As bank-funded programs get larger while banks remain cautious about credit risk, one-bank programs are becoming multibank programs, with structures that look a lot like lending syndicates, McDonough reports. “A $500 million program may be too large for one bank's balance sheet,” he says. “To bring the needed liquidity, other banks are being brought in.”
Players like Orbian and PrimeRevenue already had multibank platforms, which initially took market share from the proprietary bank platforms. But now banks are providing their own multibank solutions to compete, McDonough reports.

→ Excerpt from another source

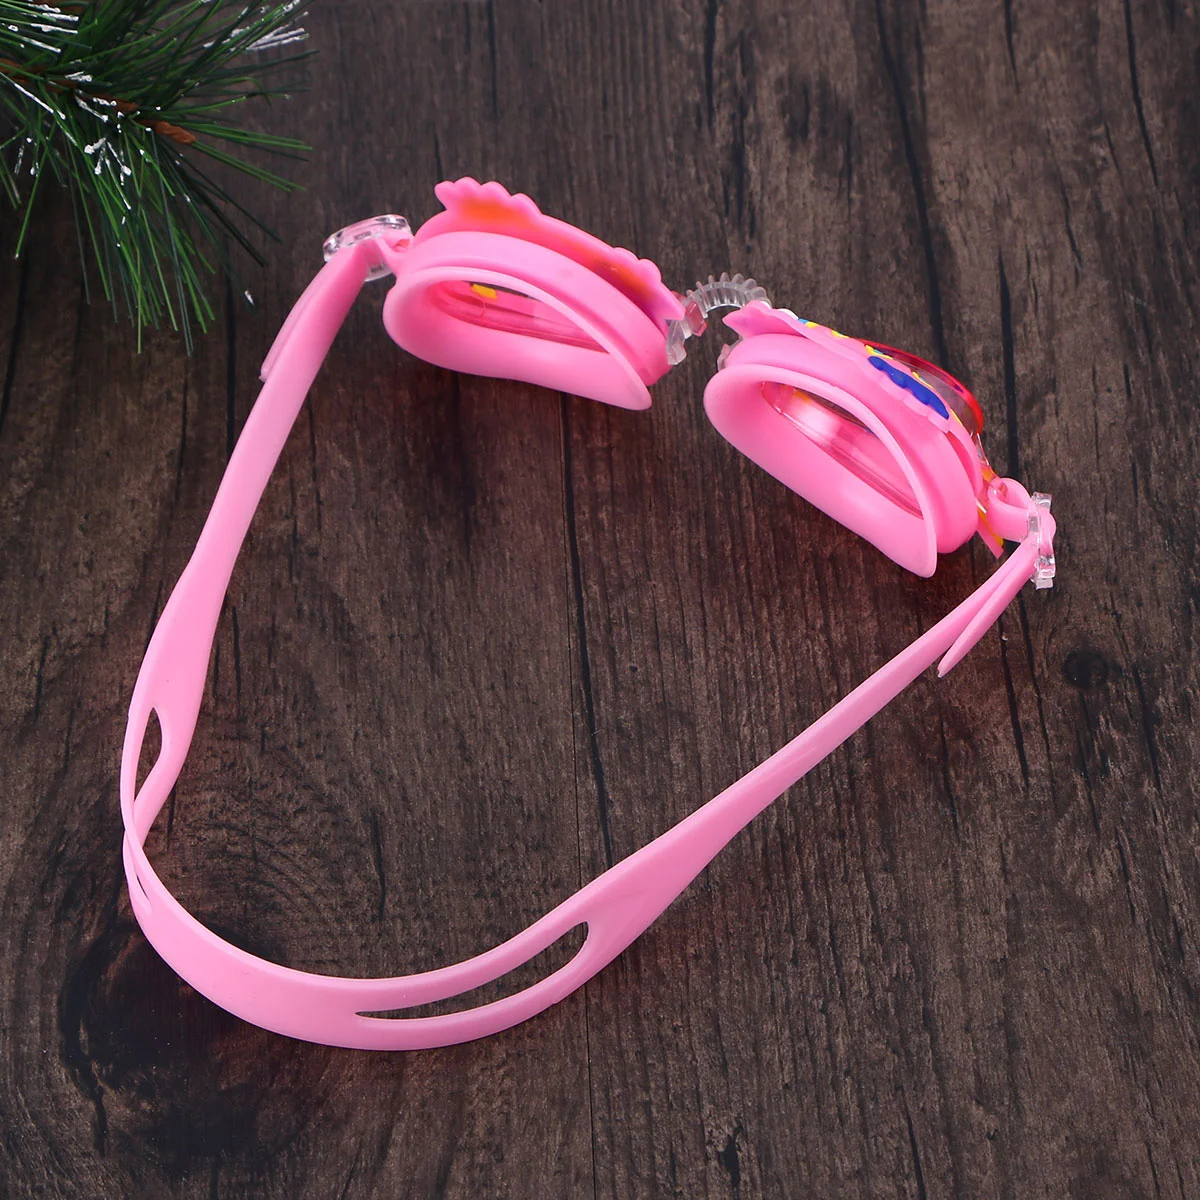 

Waterproof Swimming Goggles Anti-Fog Fish Decoration Children Swimming Glasses Beach Pool Accessories Eyewear(Pink)

In programs like PrimeRevenue's, the supplier can sometimes pick a bank or banks with which to arrange discounted payments, but there's nothing like an auction to help find the best rate. In fact, rates tend to vary little, Kramer reports. However, Ahearn notes that some buyers have created quasi-auction facilities where suppliers can shop for the best deal among several banks in a program.
The buyer-sponsored programs provide guaranteed funding for approved invoices to suppliers eligible for the program, Ahearn explains. There are also plenty of receivables financing programs that aren't buyer-sponsored and aren't guaranteed. The factor, lender or investor picks which receivables they will fund. On The Receivables Exchange, for example, a company can put a group of receivables up for auction at a Web site. Investors bid to buy them, which means the seller gets top price, but there is no guarantee that a receivable will sell. “You could put 100 receivables up for bid, but only 50 of them might see action,” Ahearn notes.